The exploration time of the displaced objects (DO) and nondisplaced objects (NDO) was evaluated in the last habituation session (S5) and in the spatial change session (S6) (Fig. 5c). In the last habituation session (S5), all mice spent a similar amount of time exploring the two object categories (DO and NDO). In session 6, when two objects were displaced, mutant mice demonstrated an inability to selectively react to a spatial change. There was a main effect of genotype (F 1,14 = 10.41, p < 0.007), object category (F 1,14 = 33.72, p < 0.001), and genotype × object category interaction (F 1,14 = 40.28, p < 0.001). More time was spent exploring the DO than the NDO by wild-type animals (p < 0.001), whereas mutant mice explored both object categories for a similar amount of time.
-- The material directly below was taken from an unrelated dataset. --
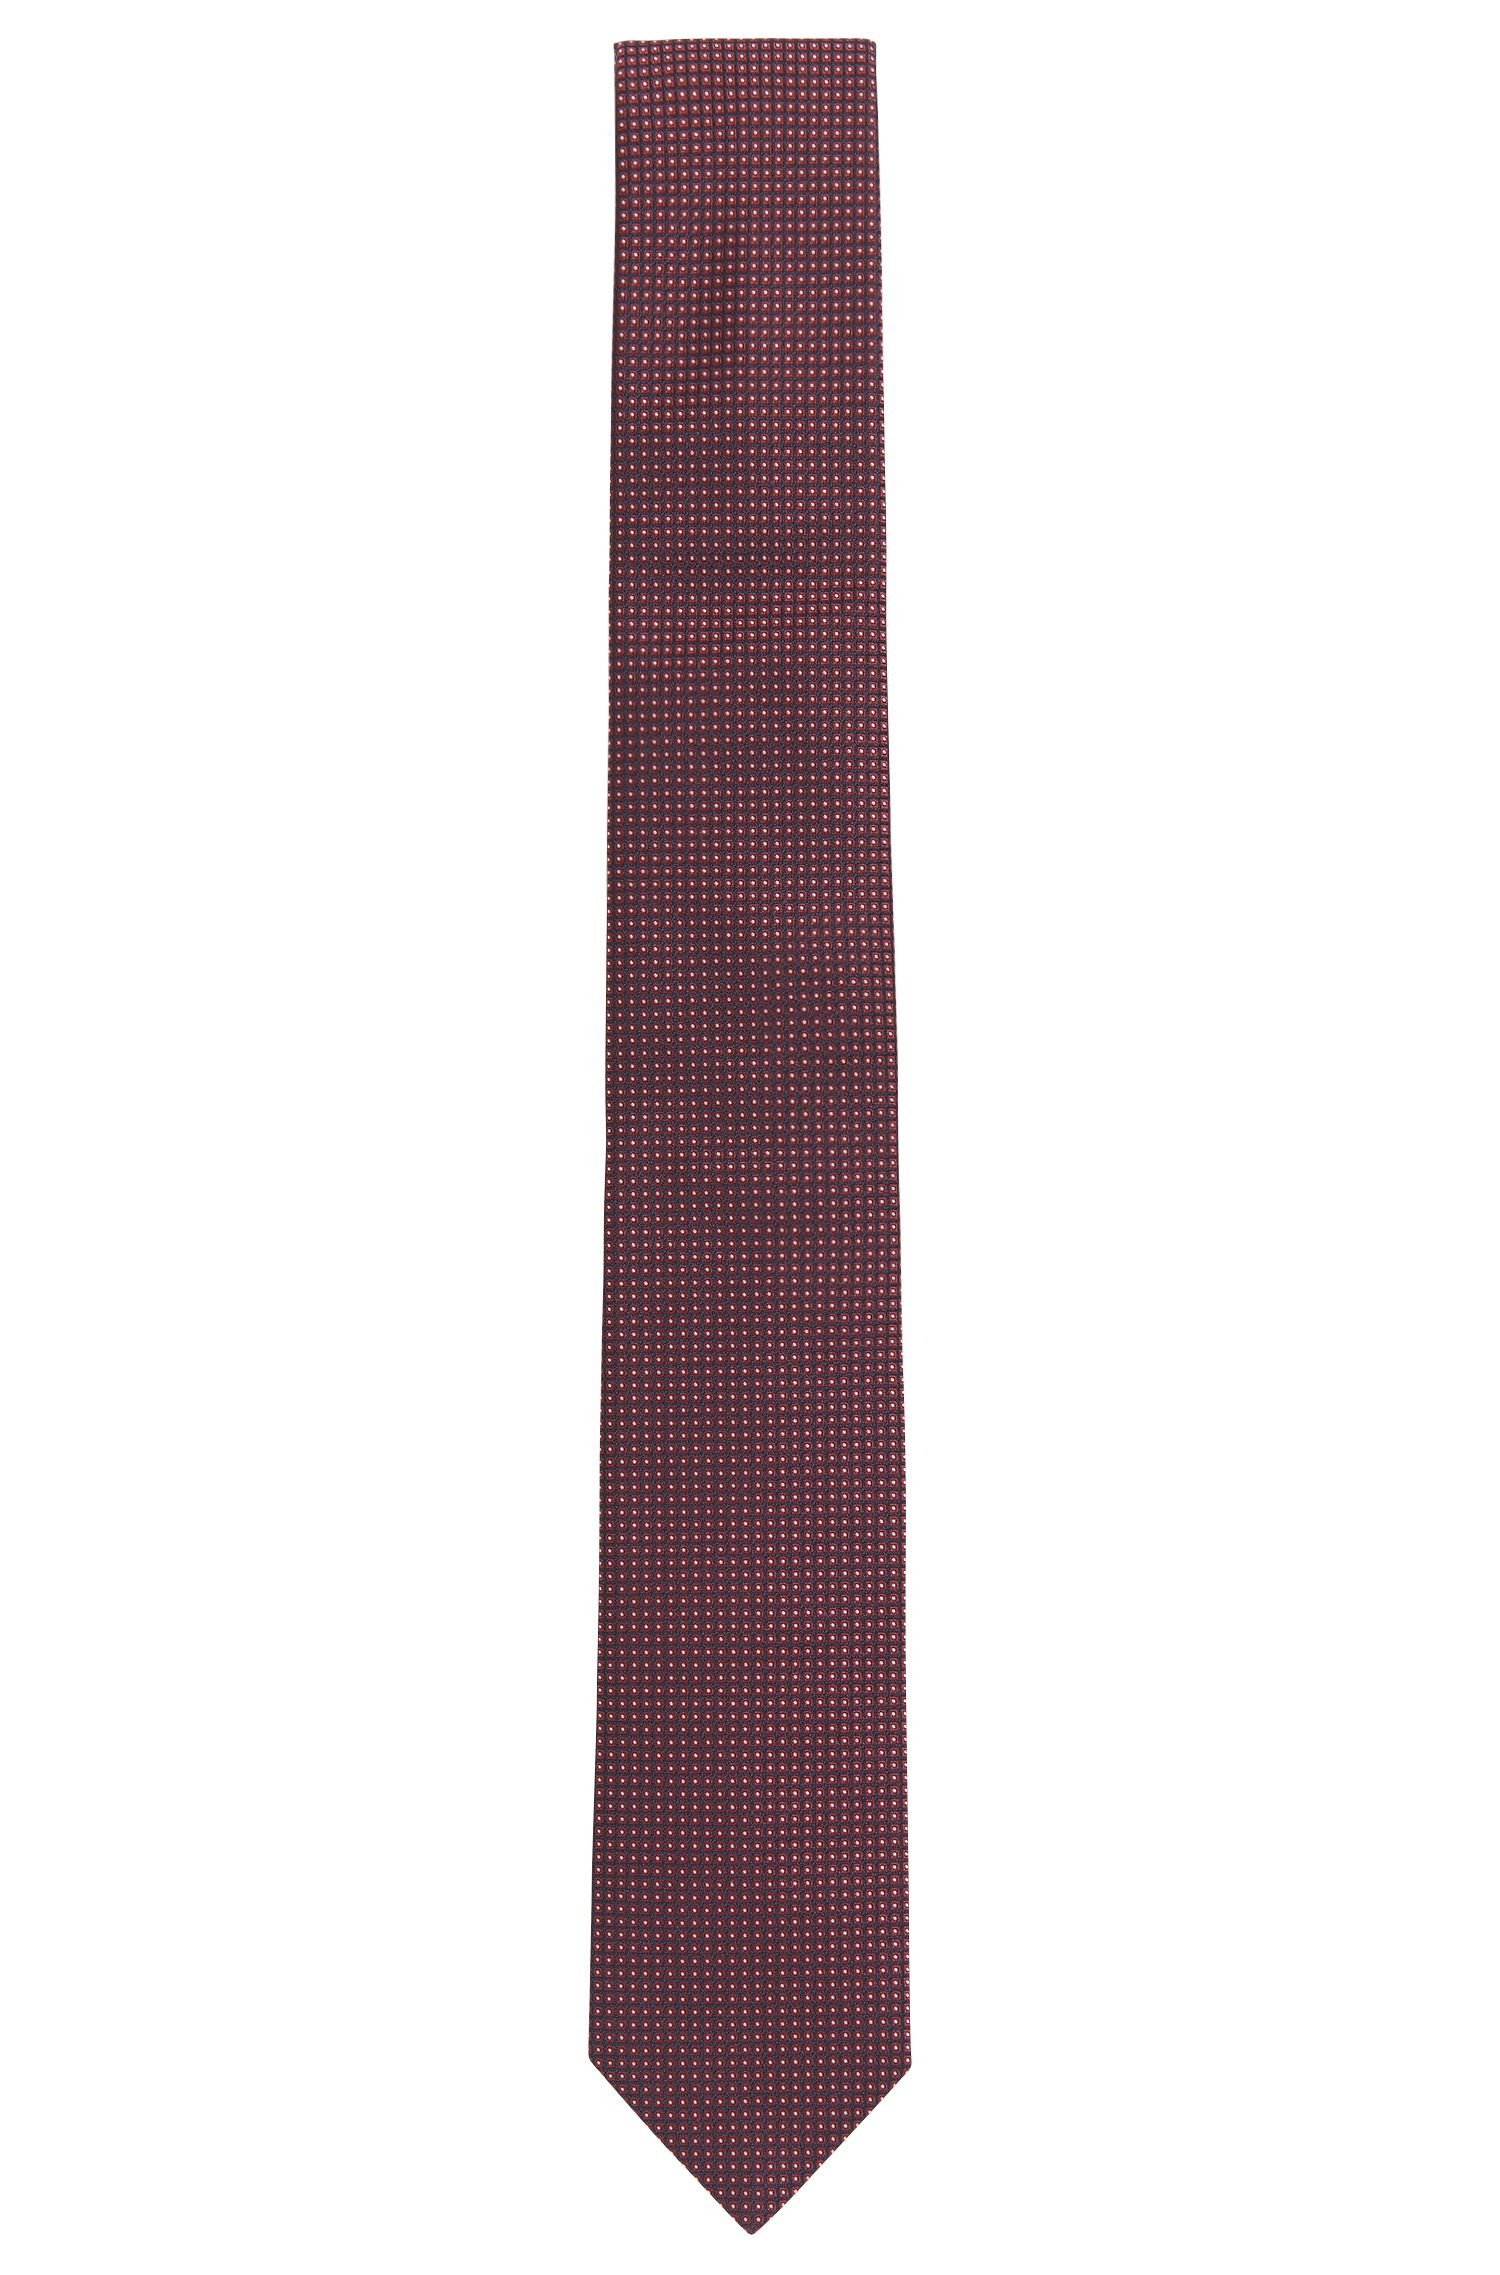 Karierte Krawatte aus Seiden-Jacquard

Furthermore, comparisons between S5 and S6 revealed that greater time was spent with the DO in S6 than in S5 by both wild-type and mutant animals (p < 0.04). Also, the amount of time spent with the NDO in S6 compared to S5 did not differ in wild-types, but was significantly increased in mutants (p < 0.005). This indicates that in wild-types, increased exploration was targeted to the objects that underwent a spatial change, whereas in mutant mice, exploratory activity nonspecifically increased for both object categories (DO and NDO).
In session 7, when one of the NDO was substituted, both wild-type and mutant mice responded to the nonspatial change (Fig. 5d). There was a main effect of object category (F 1,14 = 30.03, p < 0.001) related to the preferential exploration of the novel object (NO) compared to the three familiar objects (FOs) by wild-type and mutant animals (p < 0.005). A within-object category analysis indicated a similar pattern of object investigation.
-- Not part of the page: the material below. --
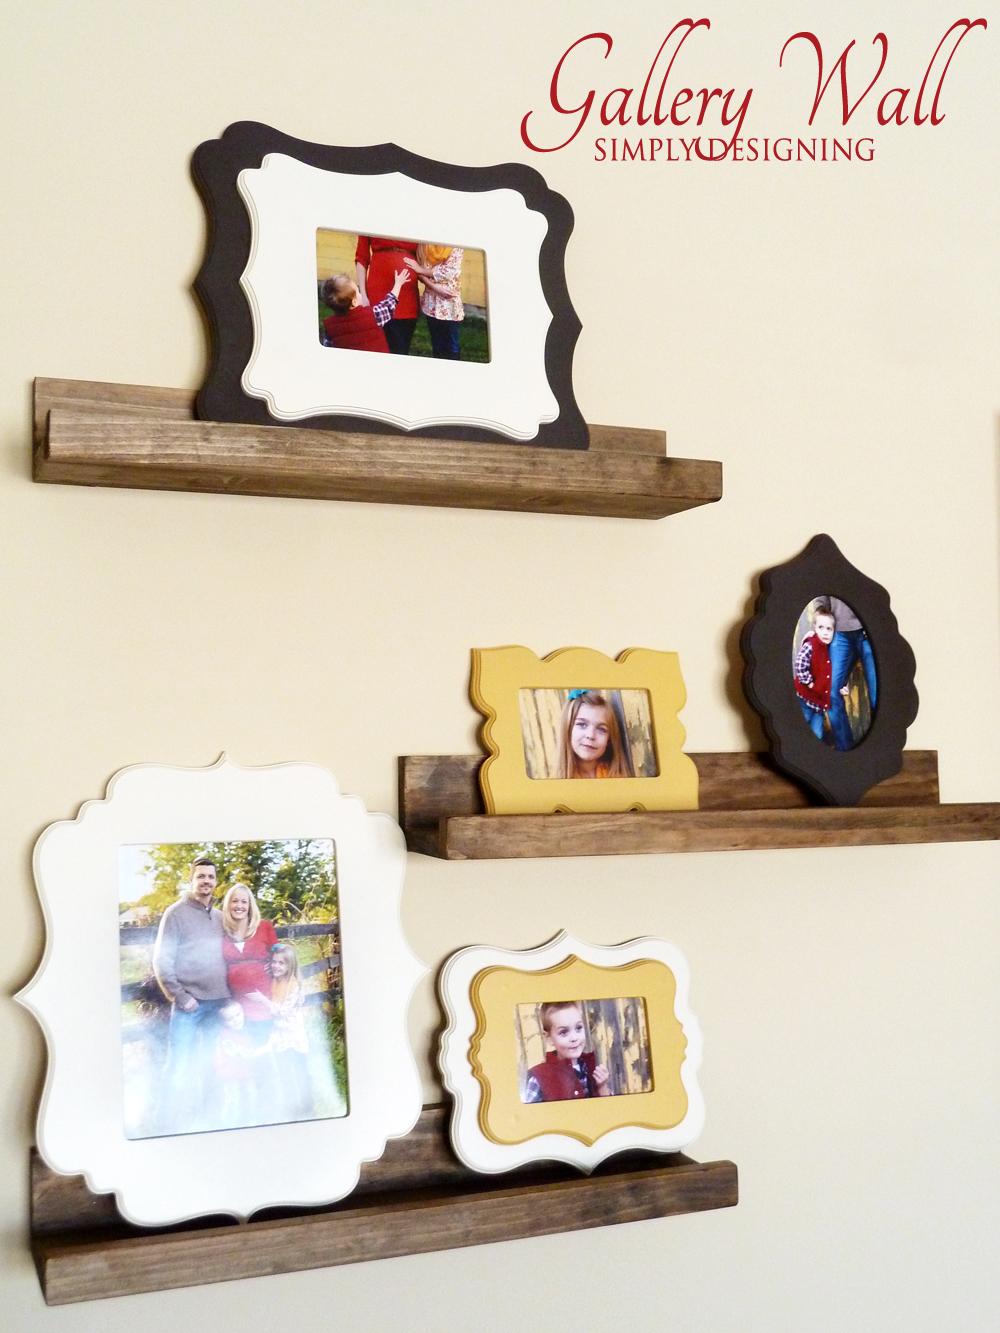 Chic Frames for Gallery Wall | #homedecor #frames #gallerywall

The efficacy of d-serine to reverse the spatial recognition impairment in mice with reduced NMDAR function was examined and compared to clozapine. A lower dose of d-serine was investigated in tandem to the 600-mg/kg d-serine dosage to limit the possibility of exploratory changes. Table 1 presents the locomotor activity in session 1 for wild-type and mutant mice treated with vehicle, d-serine, or clozapine. No differences in horizontal activity were exhibited, but for vertical activity, a significant main effect of drug treatment was determined (F 3,59 = 12.73, p < 0.001) because of an elevation in clozapine-treated wild-type and mutant animals (p ≤ 0.05). Duration of locomotor activity in the sessions of object habituation (S2–S5) and spatial change (S6) did not differ between any group (Fig. 6a).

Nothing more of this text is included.